## [DATA]
- Opening Delimiter -

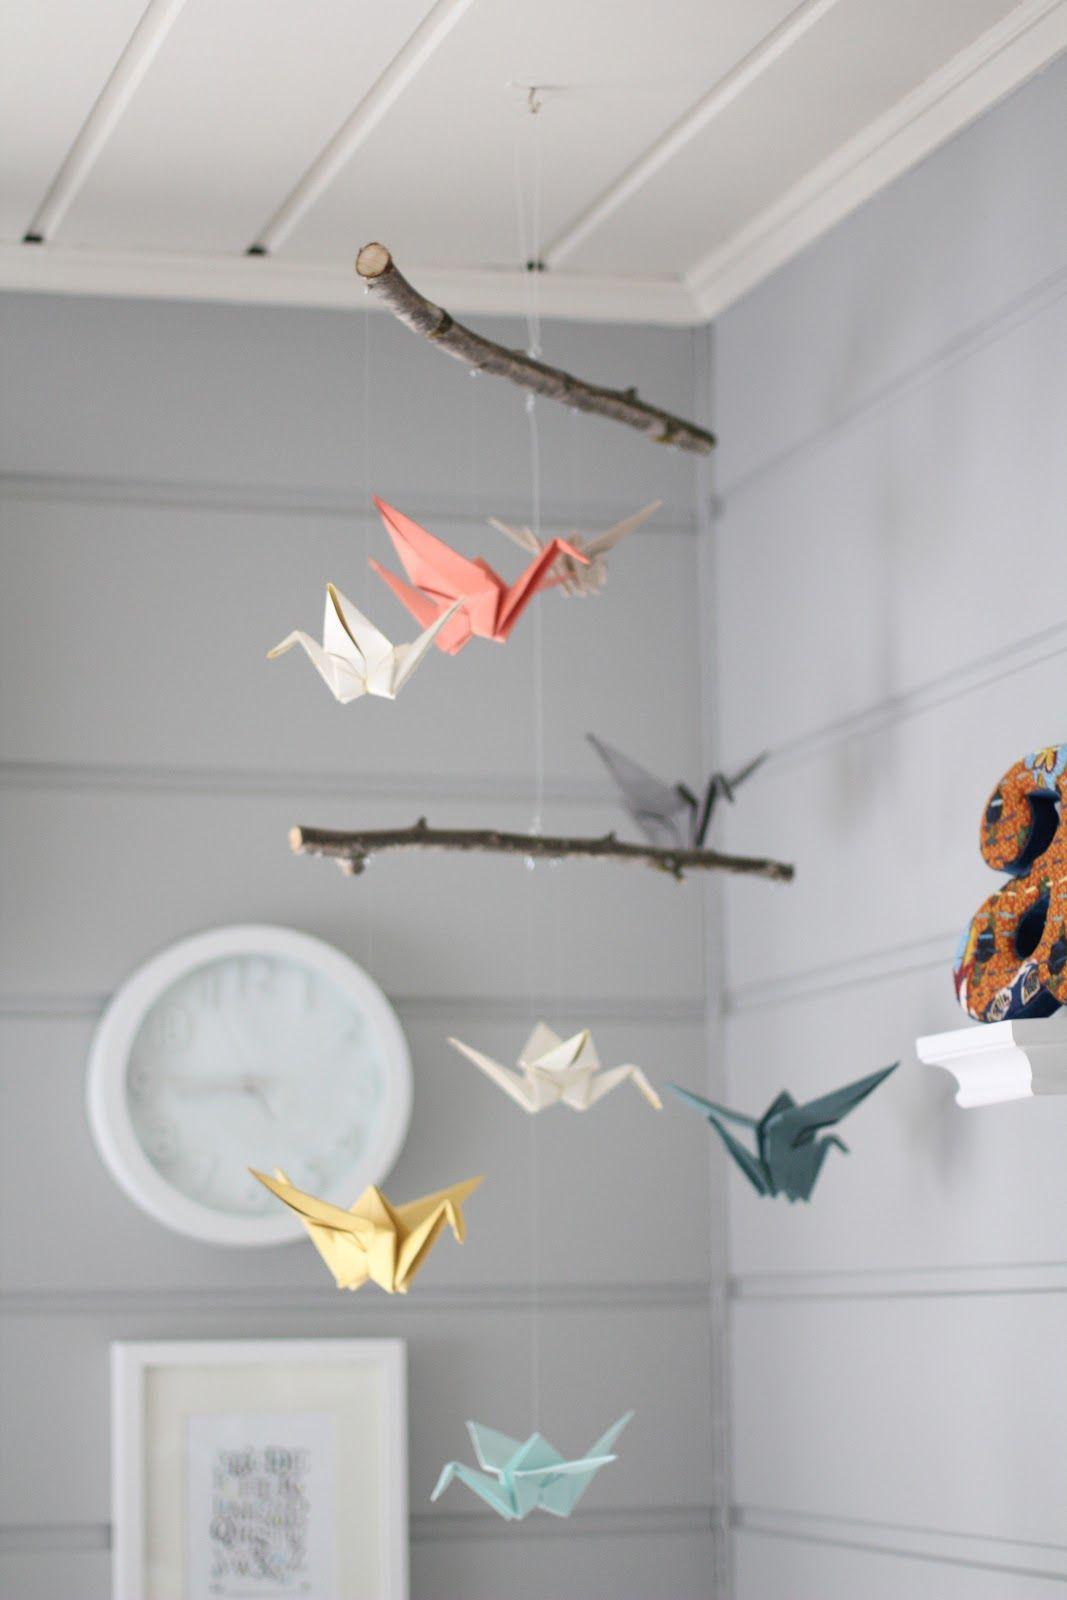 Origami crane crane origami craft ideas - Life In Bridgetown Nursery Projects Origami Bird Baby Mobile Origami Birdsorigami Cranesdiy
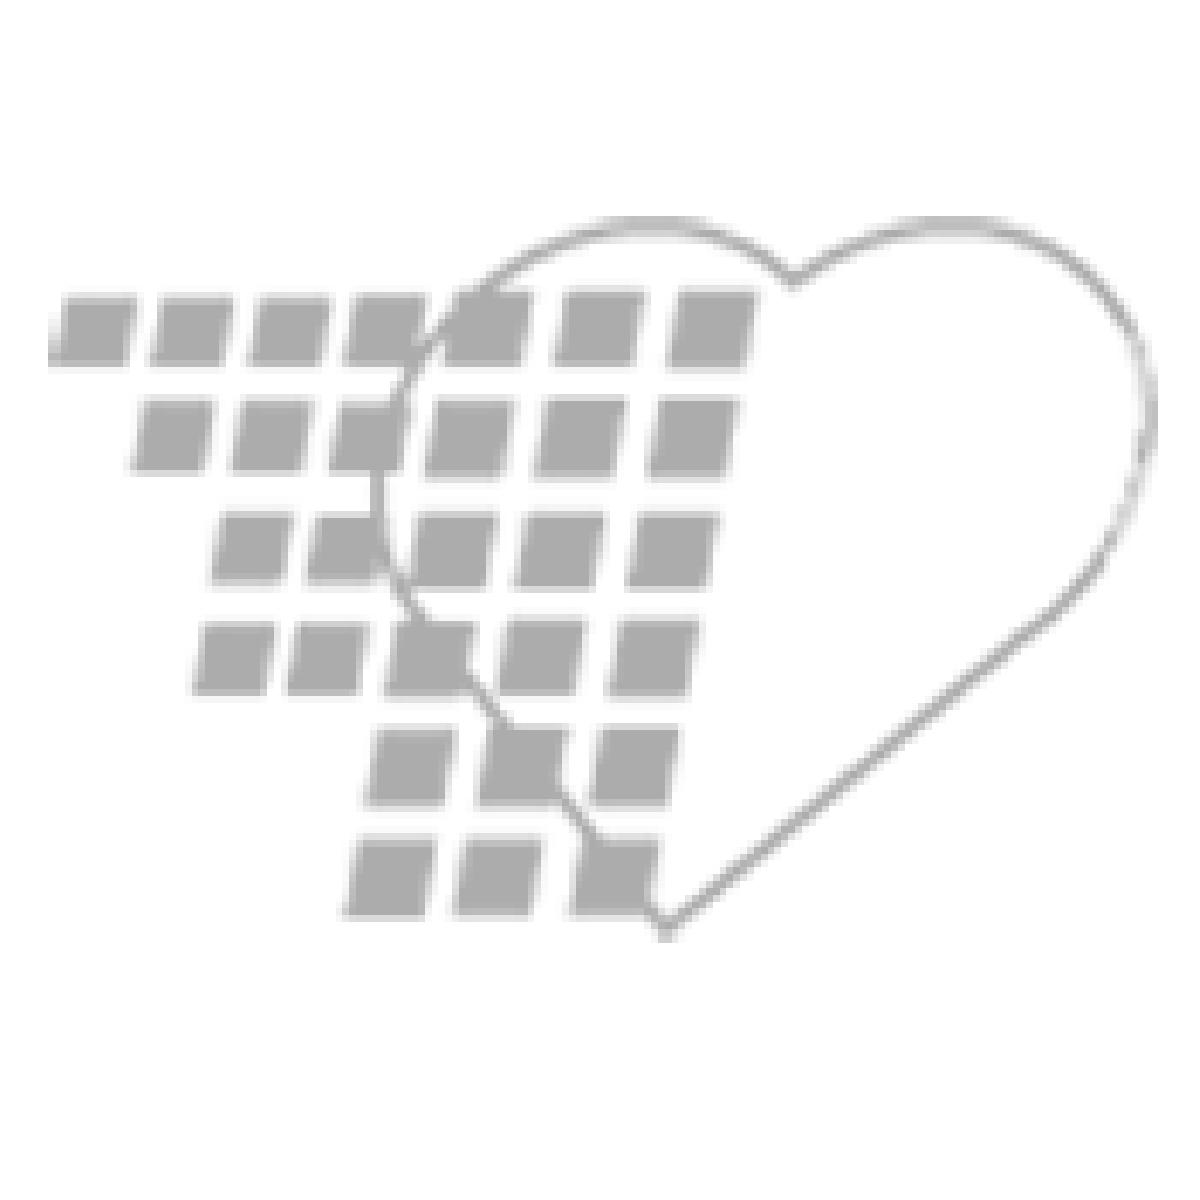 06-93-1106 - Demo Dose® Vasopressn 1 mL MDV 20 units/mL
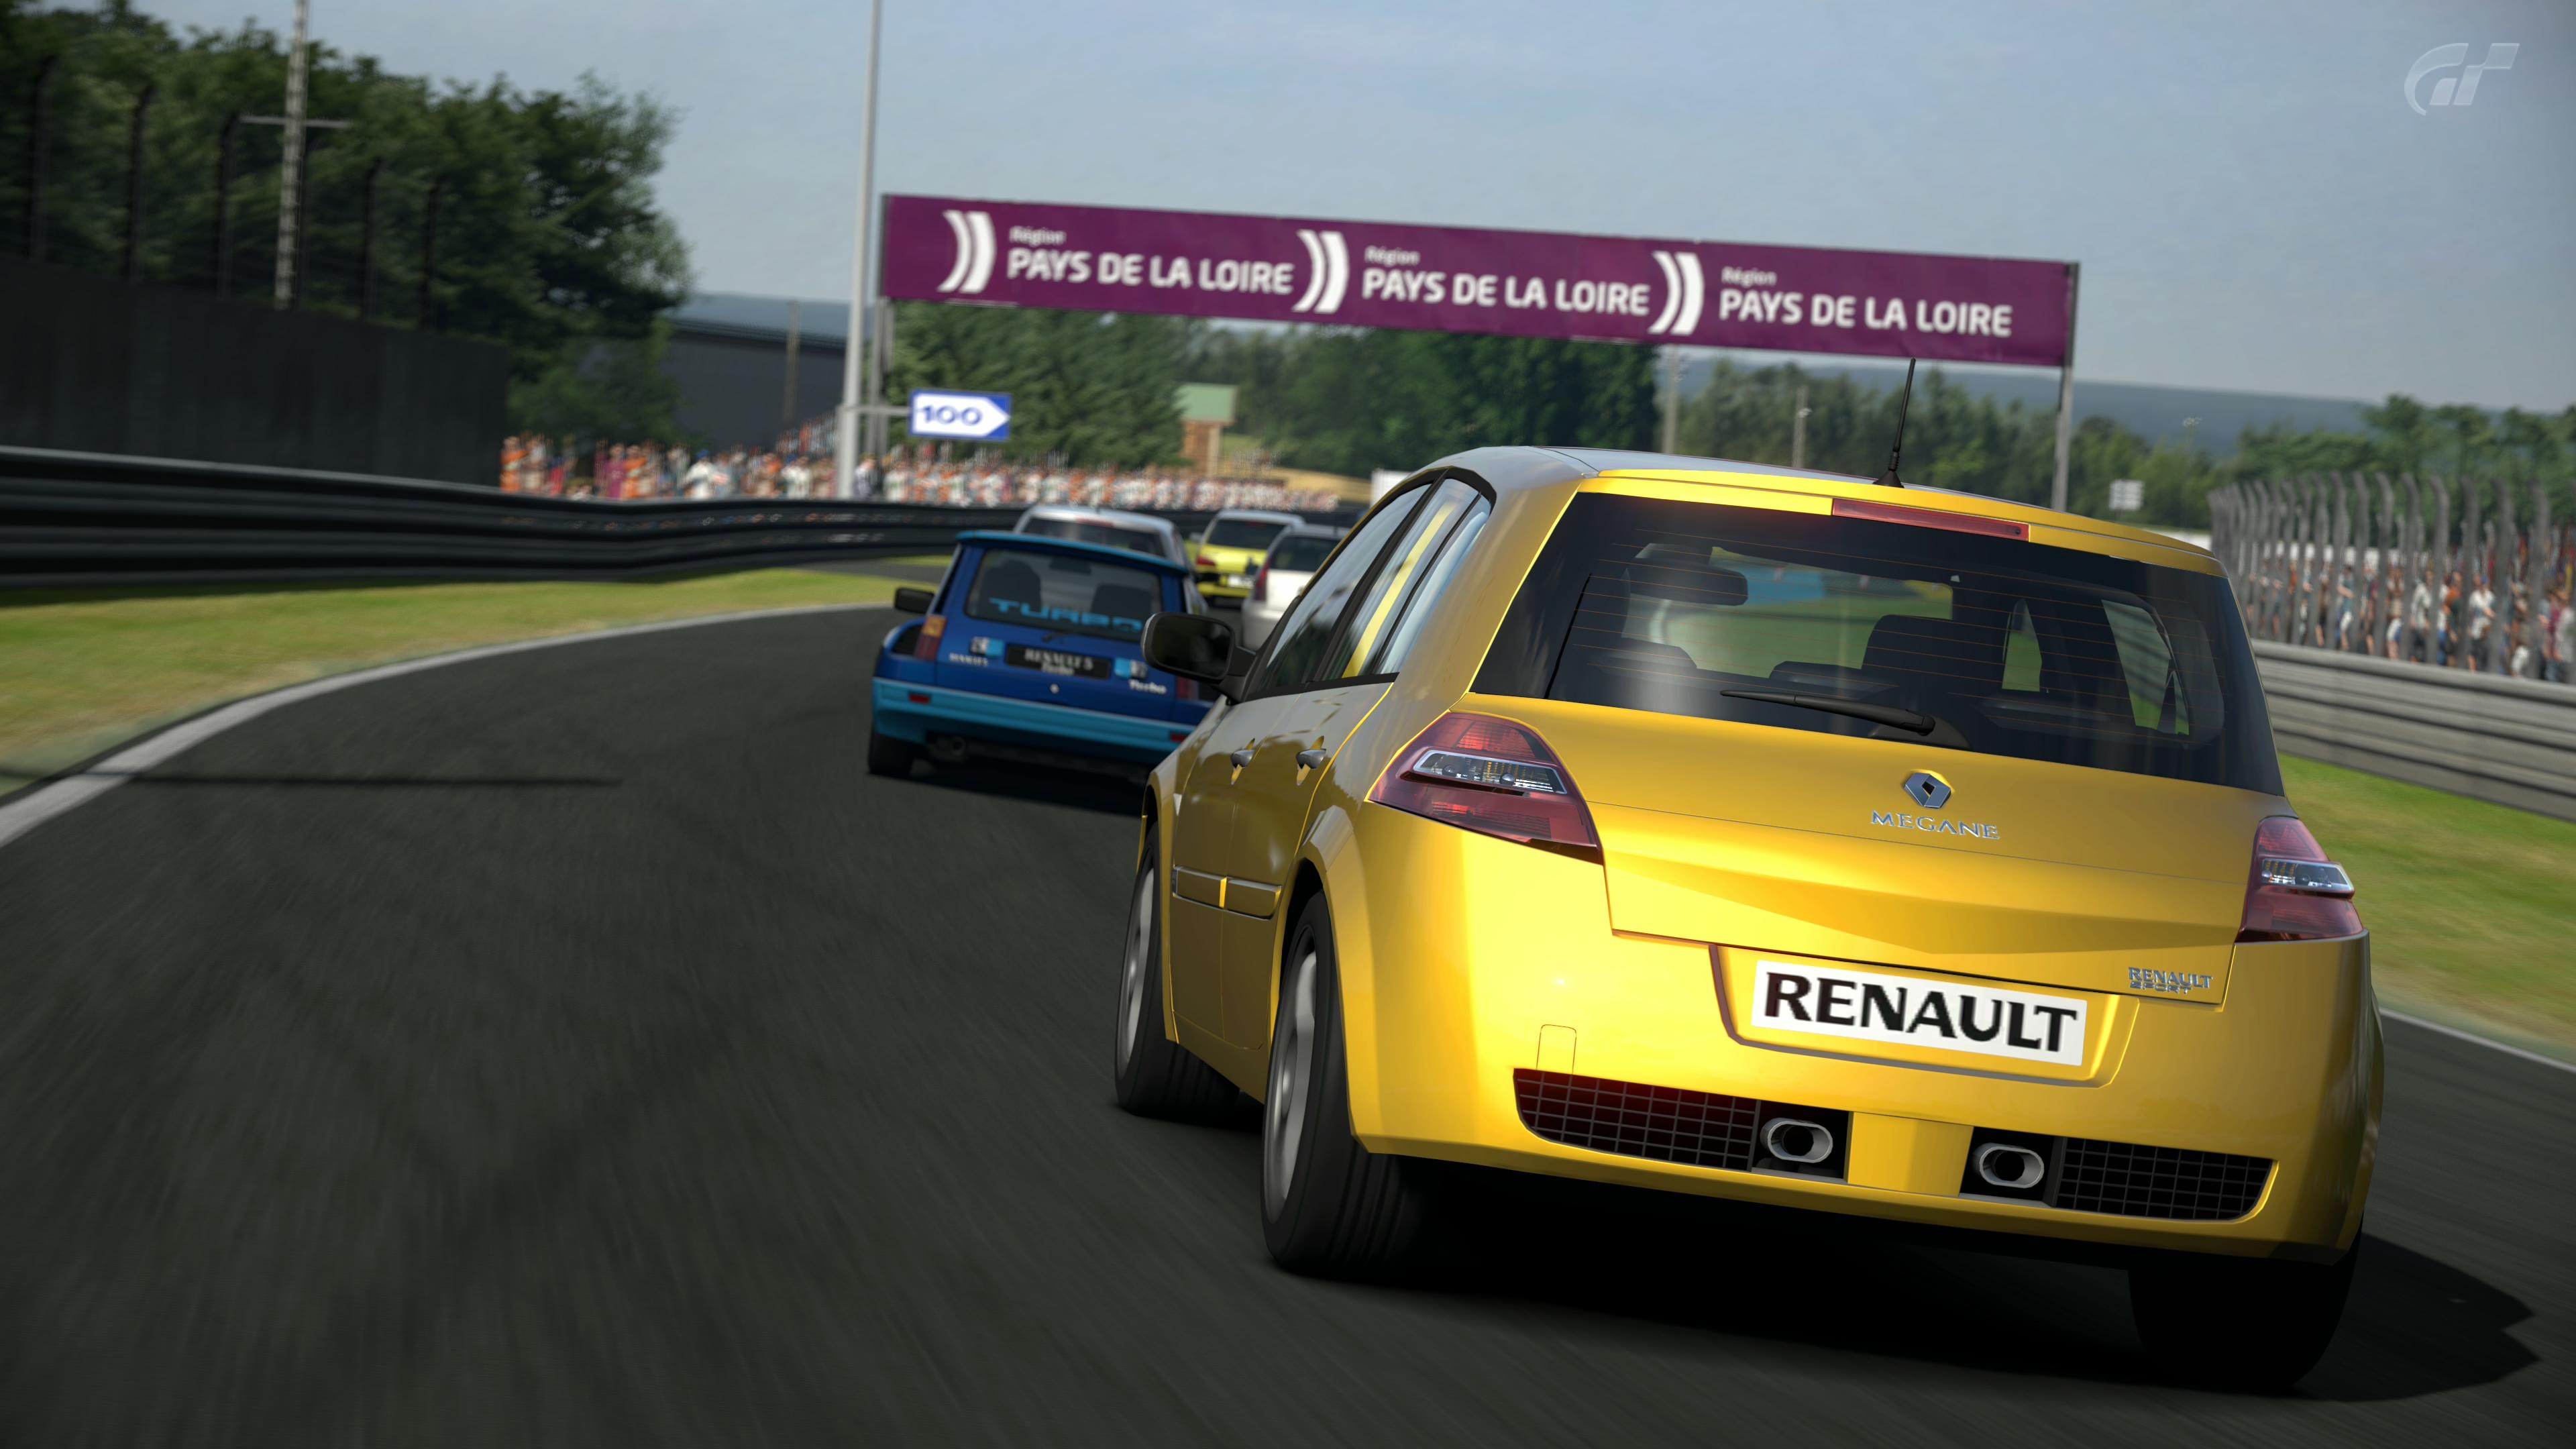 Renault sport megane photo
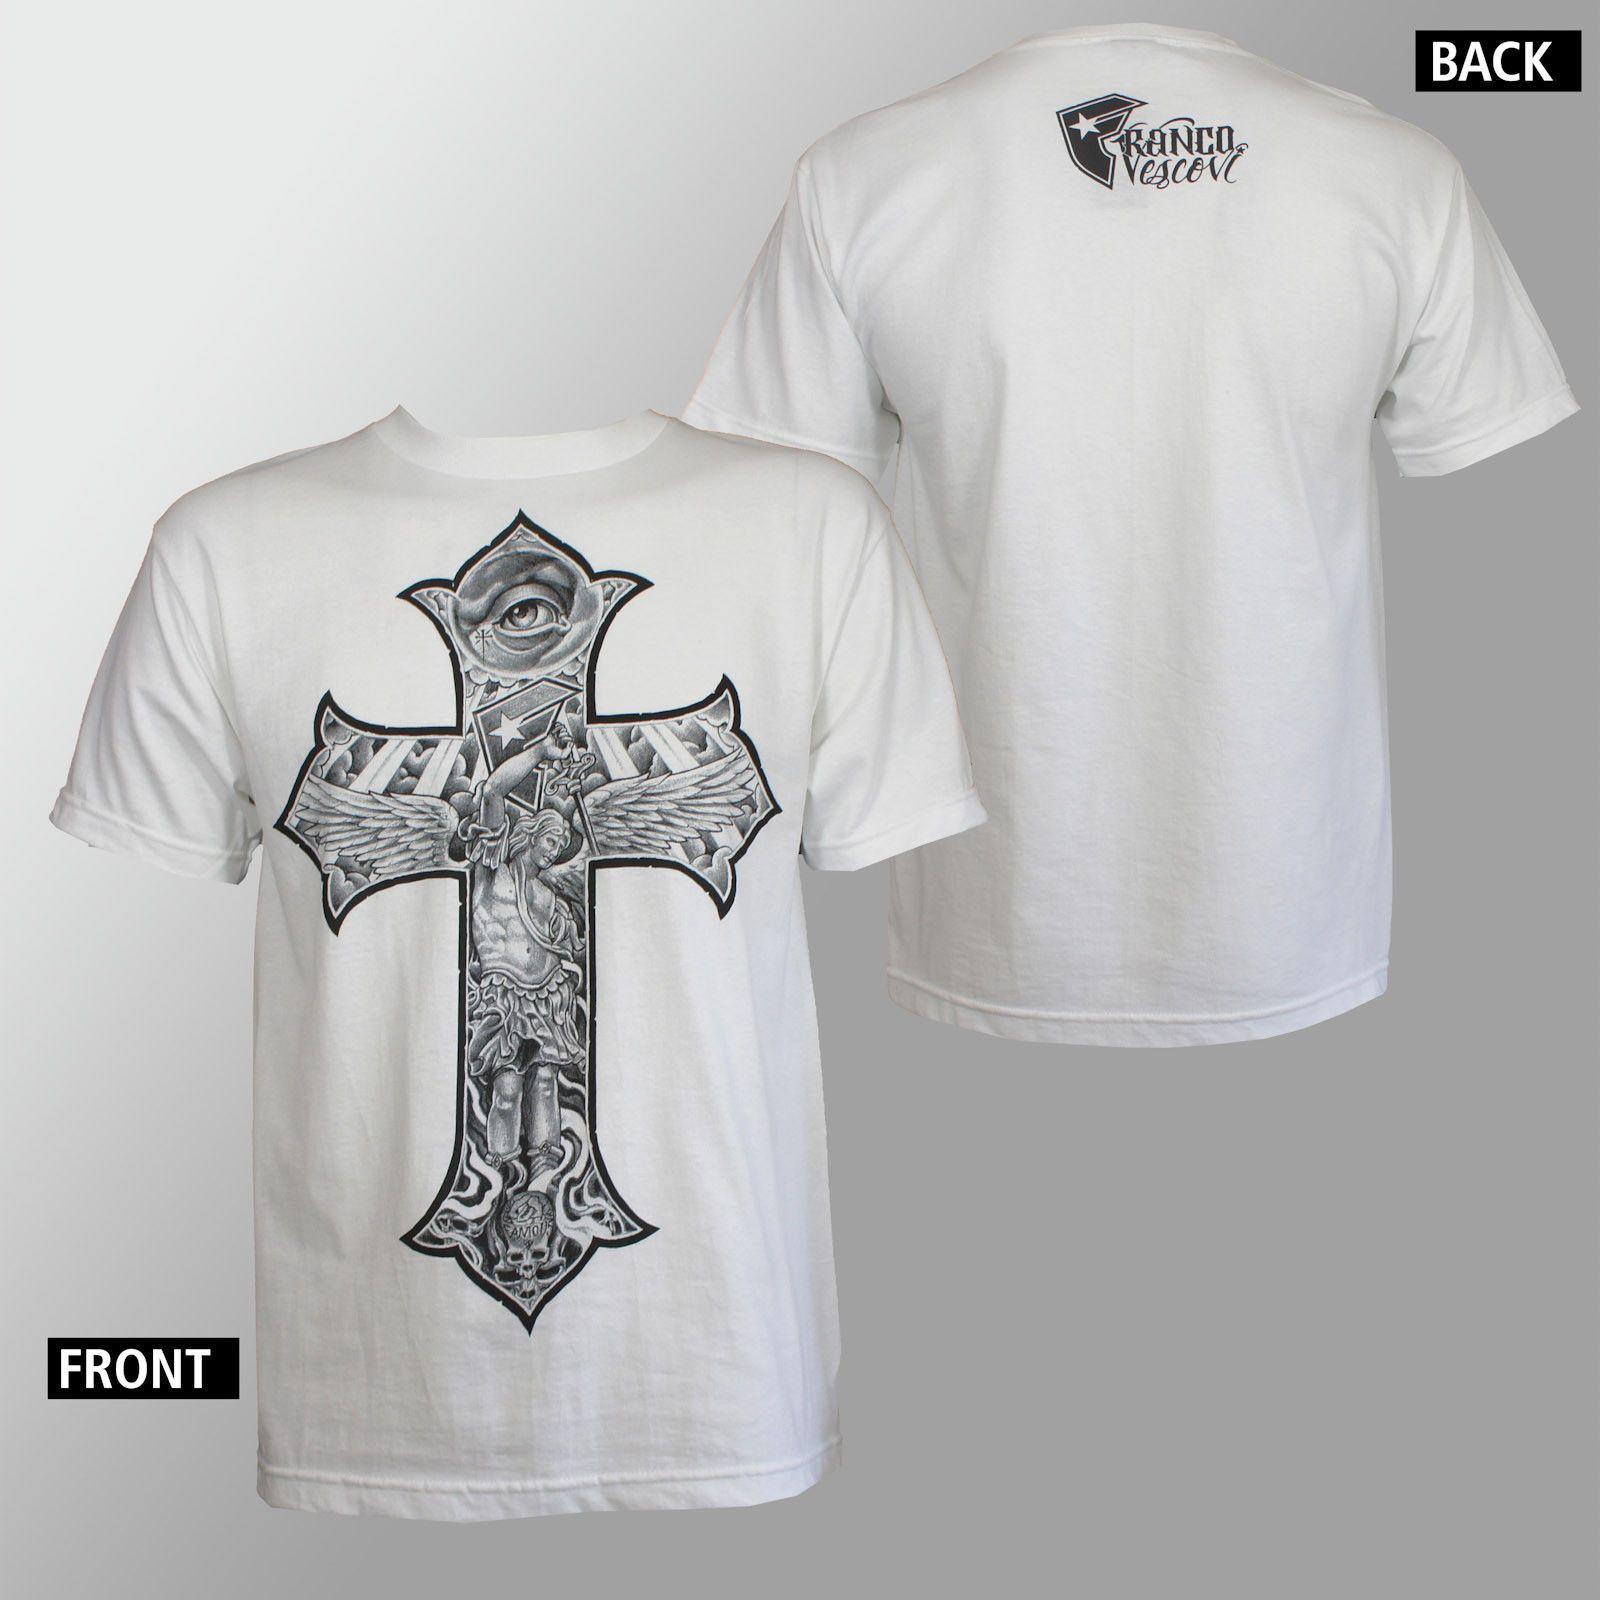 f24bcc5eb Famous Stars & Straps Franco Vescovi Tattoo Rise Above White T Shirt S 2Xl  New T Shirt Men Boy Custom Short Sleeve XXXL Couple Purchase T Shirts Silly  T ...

- Closing Delimiter -

## [AIM OF THE TASK]
All of the data above should be printed again exactly, though none of the pictures belong in the copy.

## [ANSWER FOR THIS EXERCISE]
 Origami crane crane origami craft ideas - Life In Bridgetown Nursery Projects Origami Bird Baby Mobile Origami Birdsorigami Cranesdiy
 06-93-1106 - Demo Dose® Vasopressn 1 mL MDV 20 units/mL
 Renault sport megane photo
 f24bcc5eb Famous Stars & Straps Franco Vescovi Tattoo Rise Above White T Shirt S 2Xl  New T Shirt Men Boy Custom Short Sleeve XXXL Couple Purchase T Shirts Silly  T ...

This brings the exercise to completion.